* _Problem_
Please reproduce all of the listing below exactly and drop its images.

*** Collected data ***

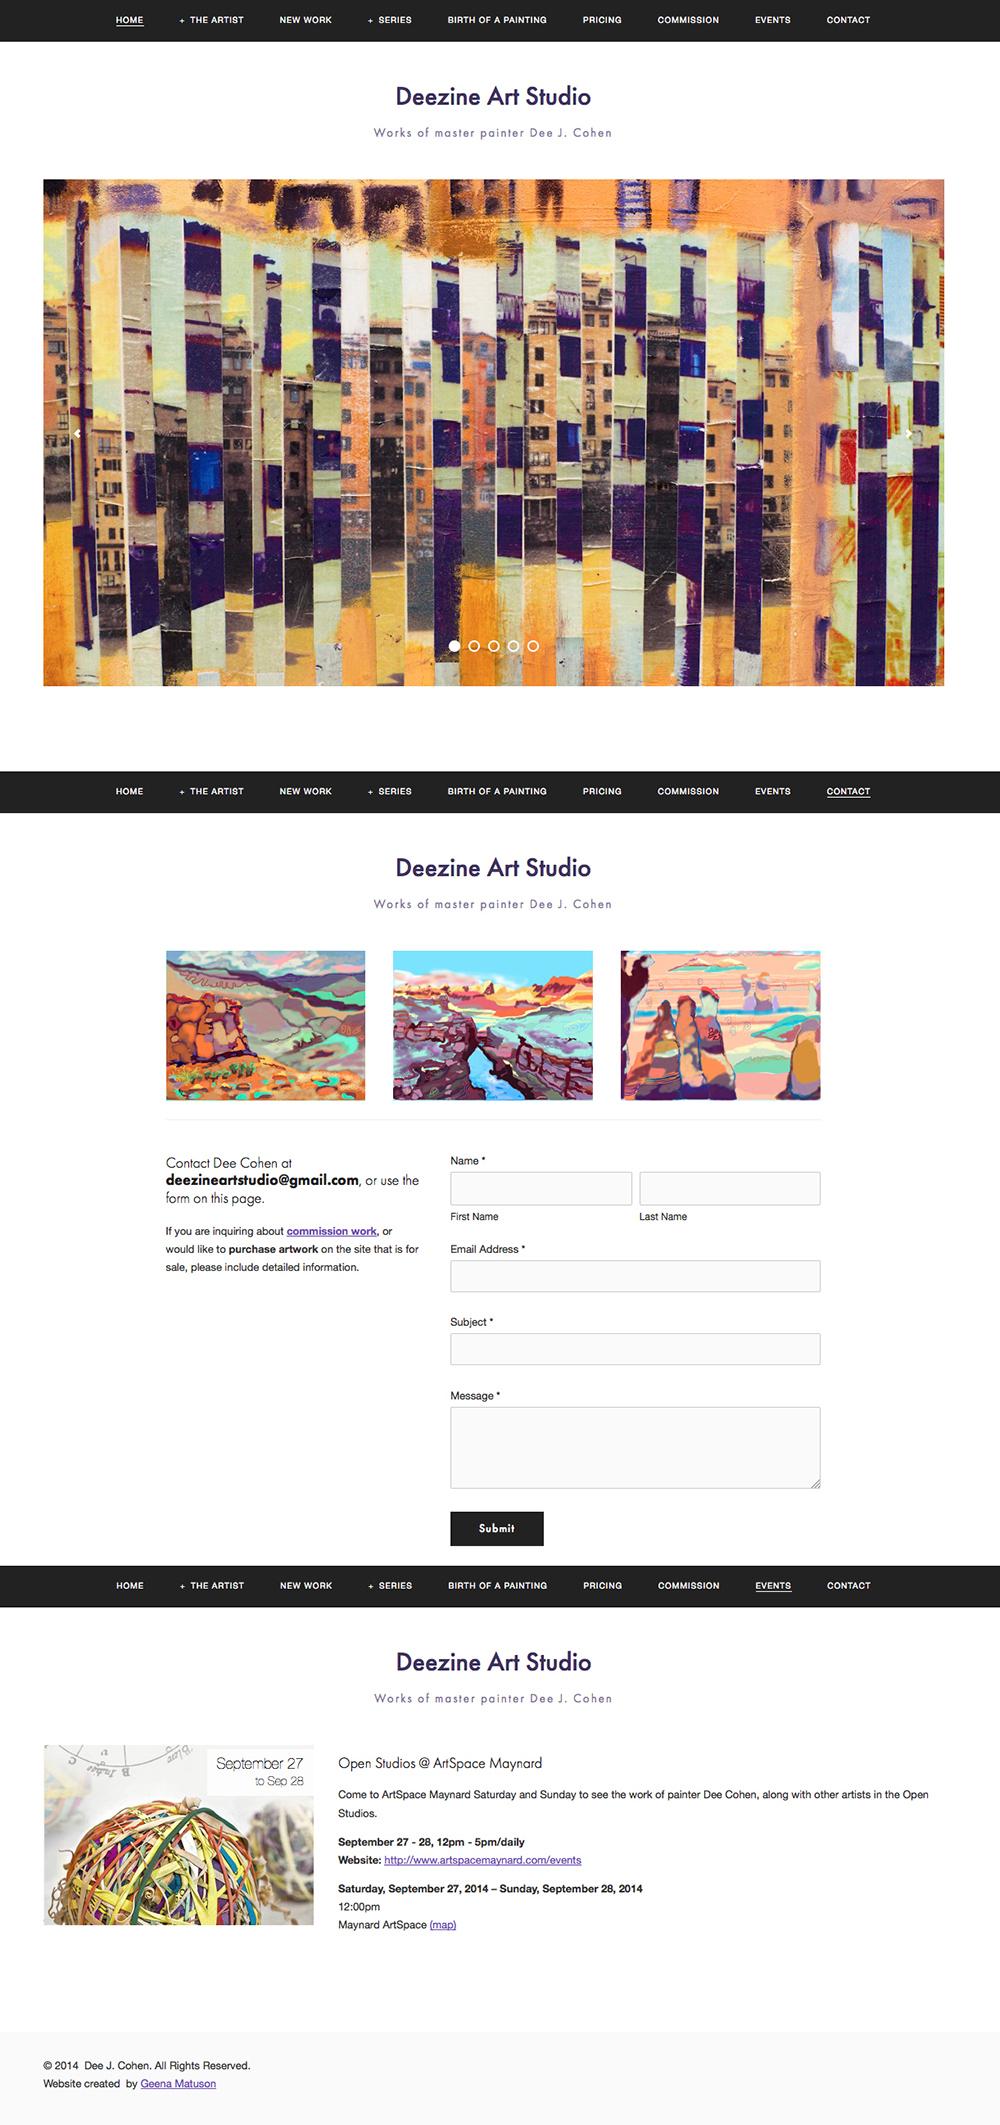 GeenaMatuson_Deezineartstudio_Webdesign.jpg
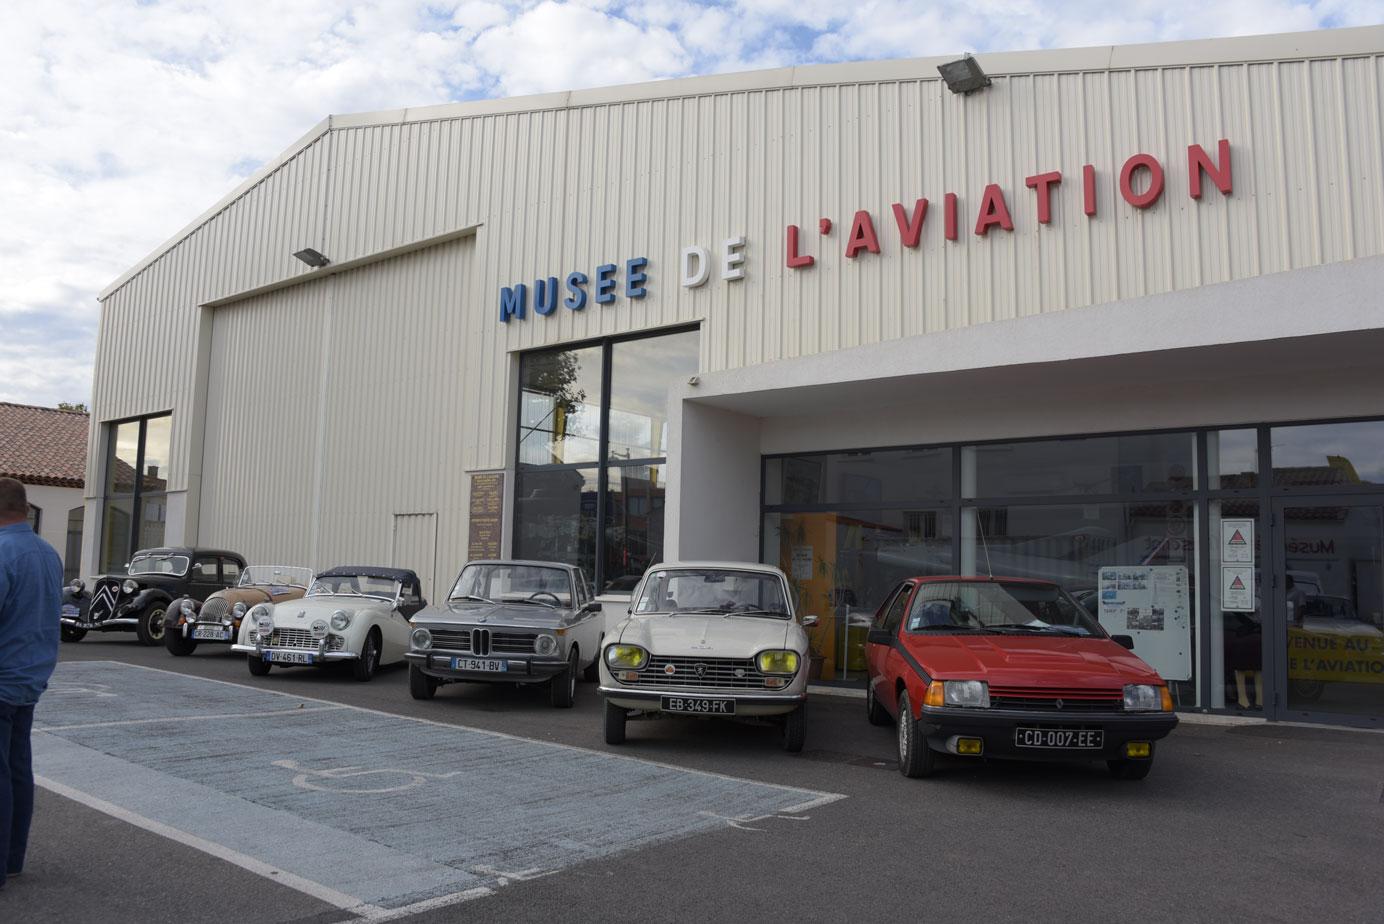 Auto Moto Rétro 04 Forcalquier - Musee Aviation Saint Victoret
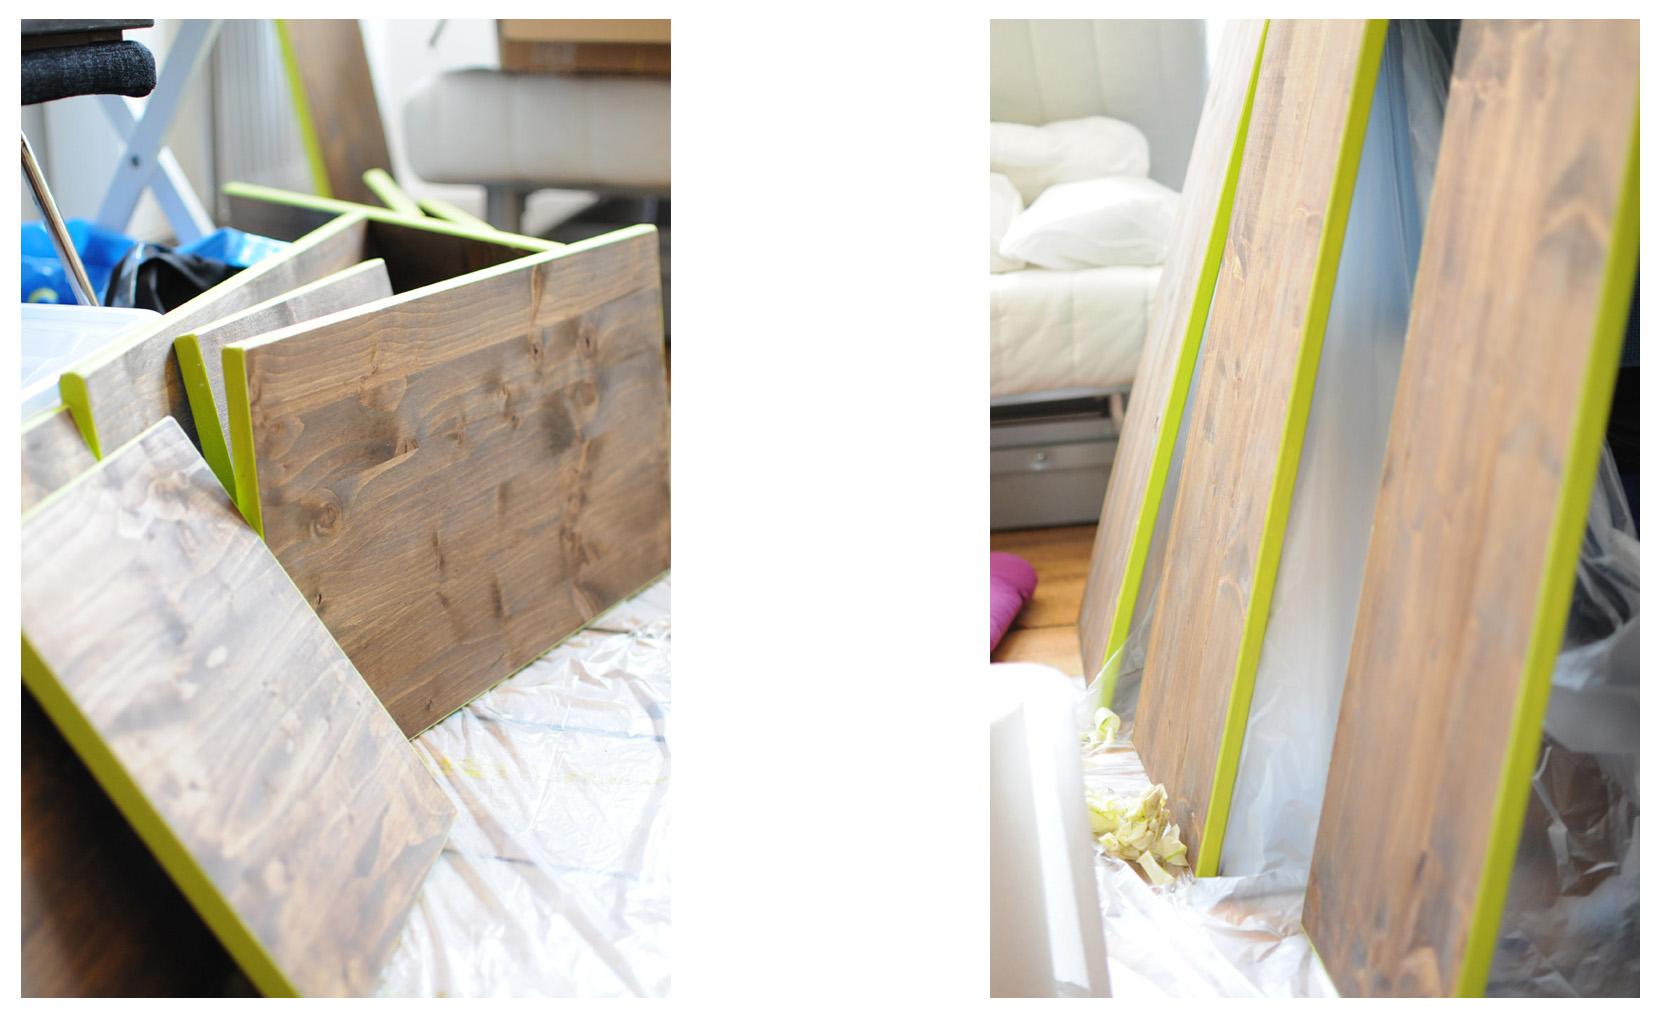 endlich ein neues regal pt 1 ana kraft. Black Bedroom Furniture Sets. Home Design Ideas
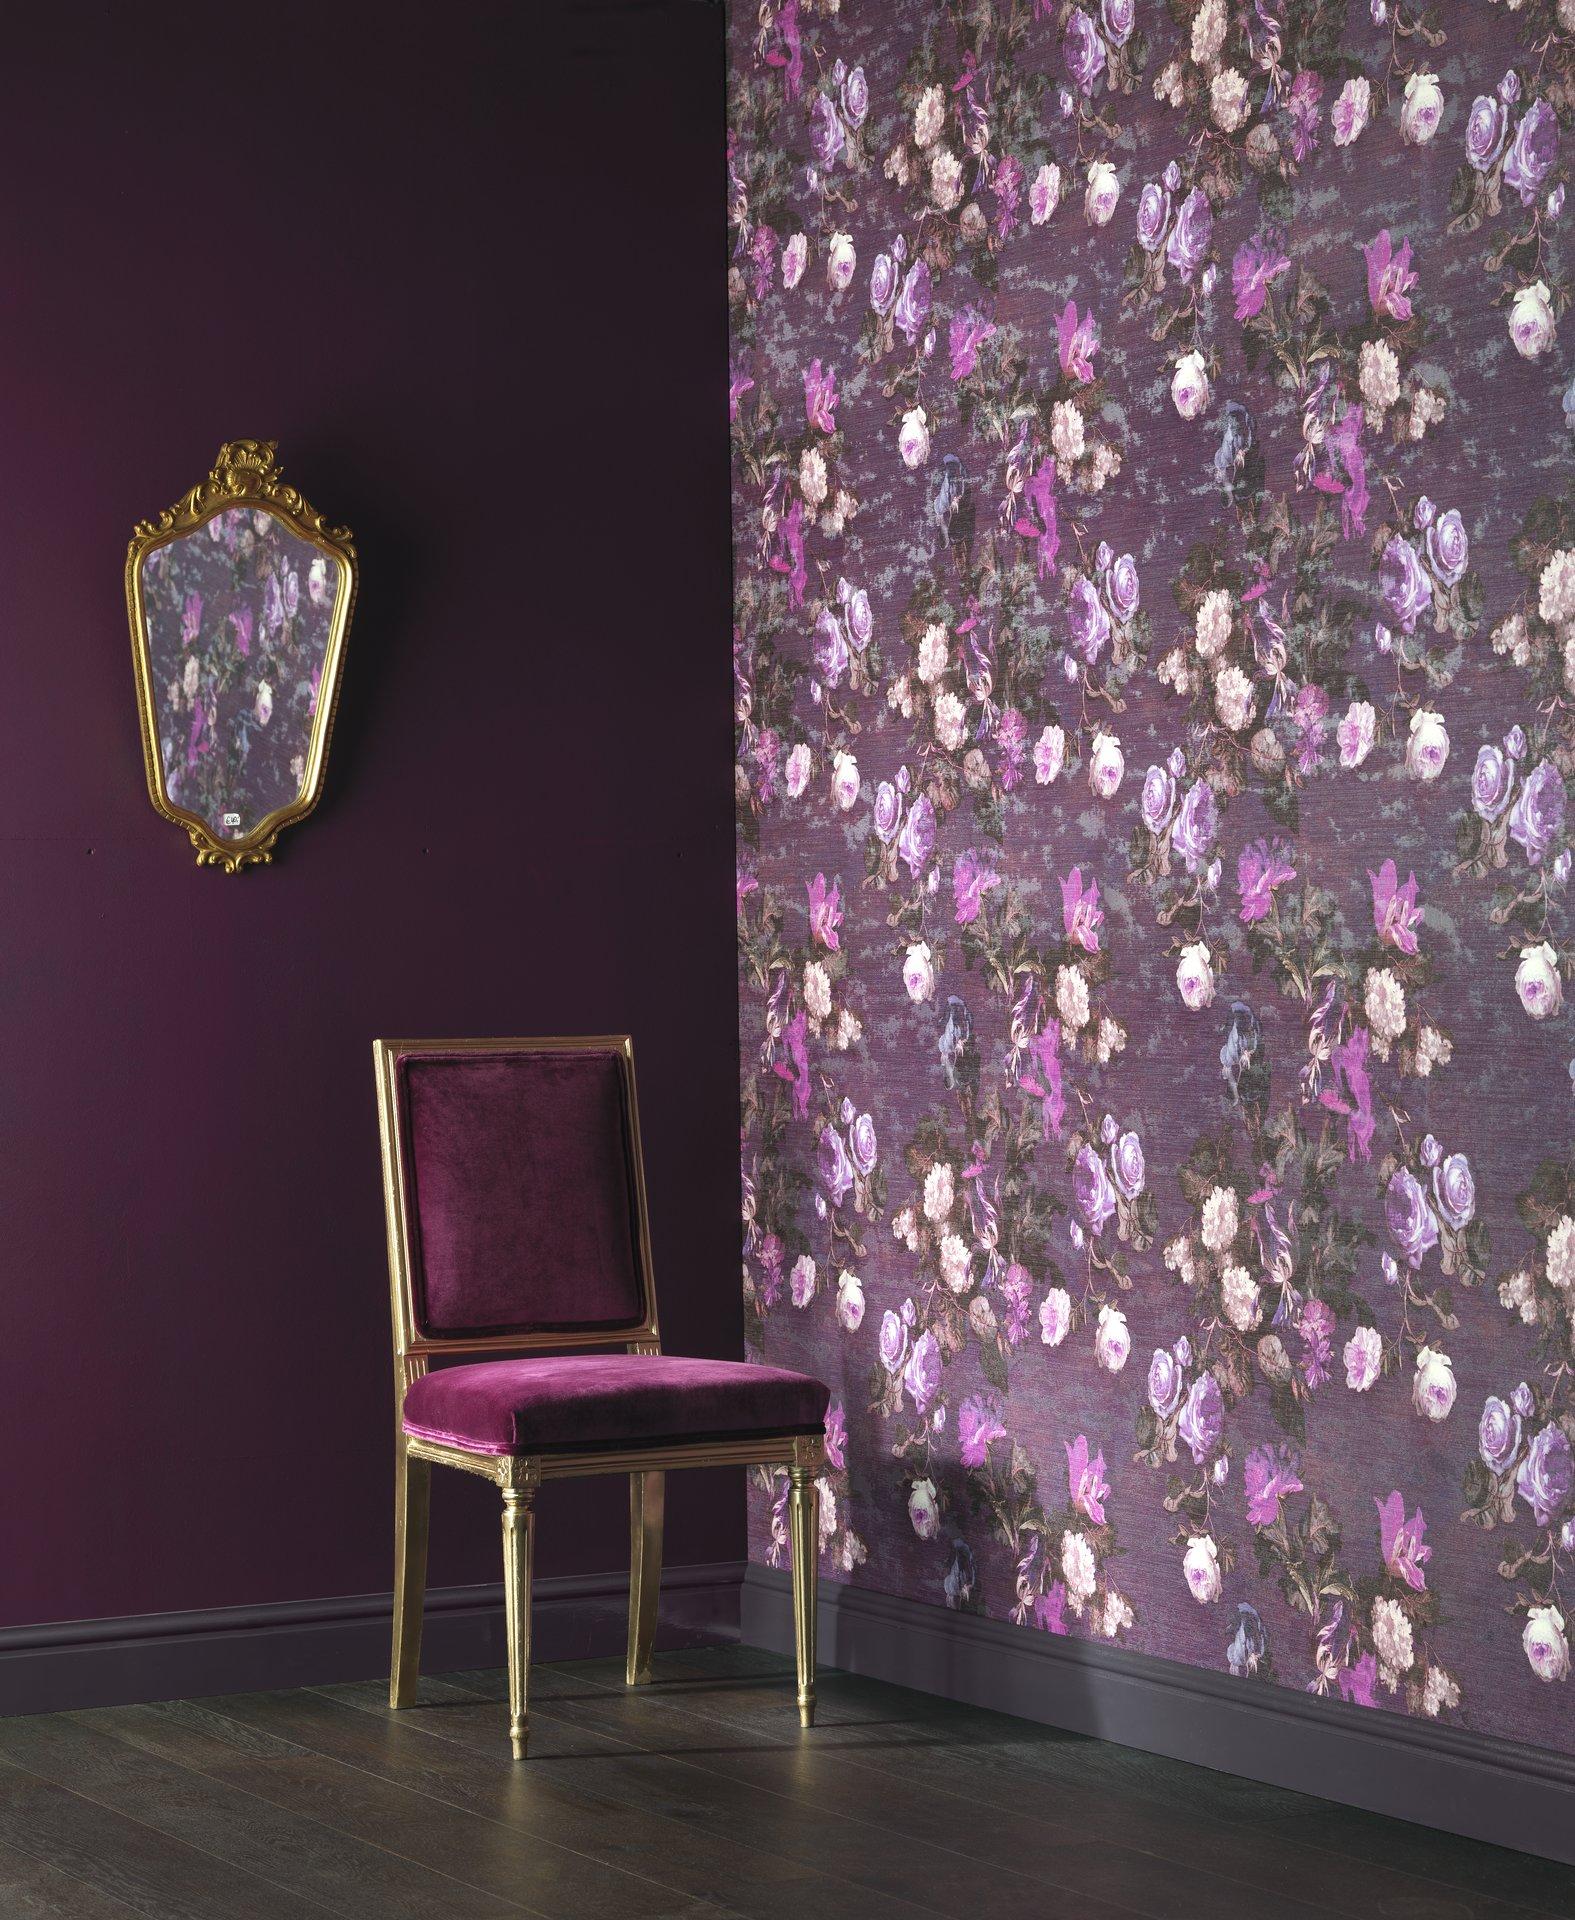 w nde raumgestaltung l ck. Black Bedroom Furniture Sets. Home Design Ideas

***

* _Answer to this exercise_
 GeenaMatuson_Deezineartstudio_Webdesign.jpg
 Auto Moto Rétro 04 Forcalquier - Musee Aviation Saint Victoret
 endlich ein neues regal pt 1 ana kraft. Black Bedroom Furniture Sets. Home Design Ideas
 w nde raumgestaltung l ck. Black Bedroom Furniture Sets. Home Design Ideas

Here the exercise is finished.